Depuis le solstice de Noël, l’hiver est là, mais un puissant levain travaille secrètement la nature endormie. Au mitan de janvier, peu après l’Épiphanie, incarnation de l’astre renaissant, le judaïsme fête le Nouvel an des arbres qui marque l’inversion de la sève dans la végétation. Après la cueillette du diamant noir au zénith des belles journées d’hiver, marche sur les traces du sabot de tes chèvres et de tes brebis, là où pousse la salade des champs. Bienheureuses herbes dépuratives pour tes humeurs.

Le bélier est le symbole du réveil de la nature dans les mythologies antiques. Cette force incandescente pousse les bêtes à s’unir et lance les plantes vers la lumière pour des noces immuables. Miracle du printemps et de l’éternel retour de l’amour. Verts tendres des pousses lentement déployées. Glace et neige relâchent leurs griffes. Bois et pacages renaissent à la couleur. La vigne pleure quand tu la tailles. La fleur du narcisse annonce la morille, et le joli mai, les beignets d’acacia et le miel très doux qui va si bien avec. À la Saint-Jean, cueille les simples qui soignent ton corps et ton âme.

Plénitude de la lumière des fenaisons et des moissons. Suis maintenant les grands troupeaux ensonnaillés, vers l’herbe neuve sur la montagne. Framboises, myrtilles et mûres ravissent les petits. Tresse la fleur de la lavande pour parfumer bahut et armoire. Quelques flacons de vin de noix ou de sureau, de liqueur de génépi ou de gentiane, exalteront la gloire de l’alpe. Les premiers orages enflent sur le soir. Scie tes planches, répare ton toit avant que le temps ne se gâte.

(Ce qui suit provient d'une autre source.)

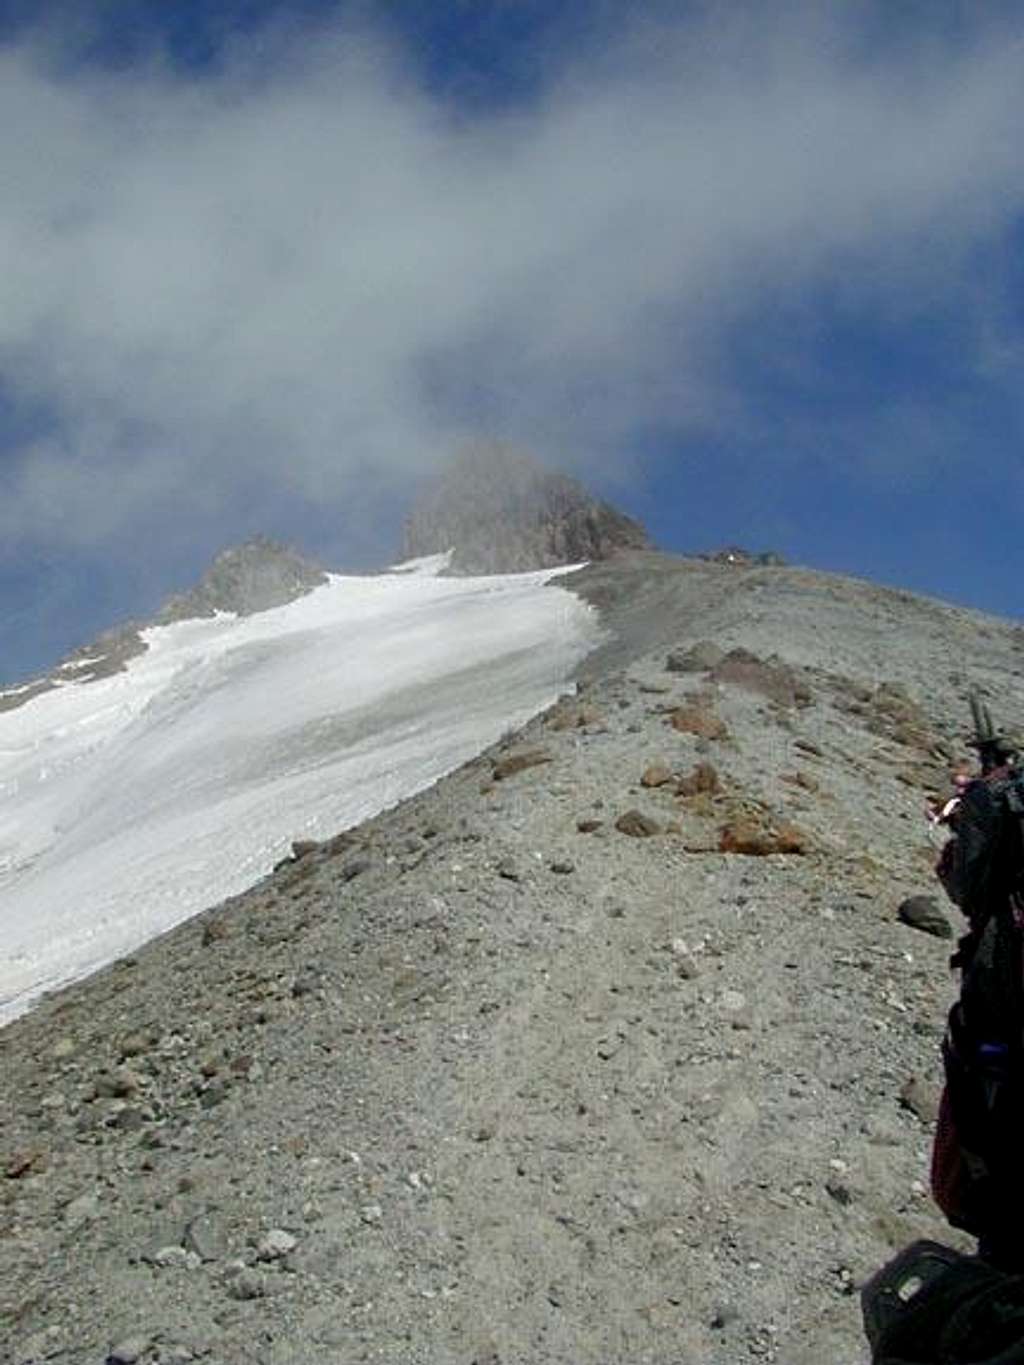 Pummice ridge to the Summit...

Le vent se lève, une année s’achève. Voici l’automne mélancolique. Que Déméter, déesse de la fertilité, emplisse ta grange de pommes et de coings, ton grenier de noix et de châtaignes, et ton cellier du jus de tes raisins. Splendeur des frondaisons pourpres et fauves, nuages en fuite sur les monts déserts, eaux mortes. Rentre tes choux et tes patates. Aux premiers gels, cueille la sorbe, la prunelle et le genièvre. Fends ton bois, et puis endors toi comme tes abeilles, en rêvant à la beauté du monde et à l’étoile qui t’attend à l’aube de ton sommeil.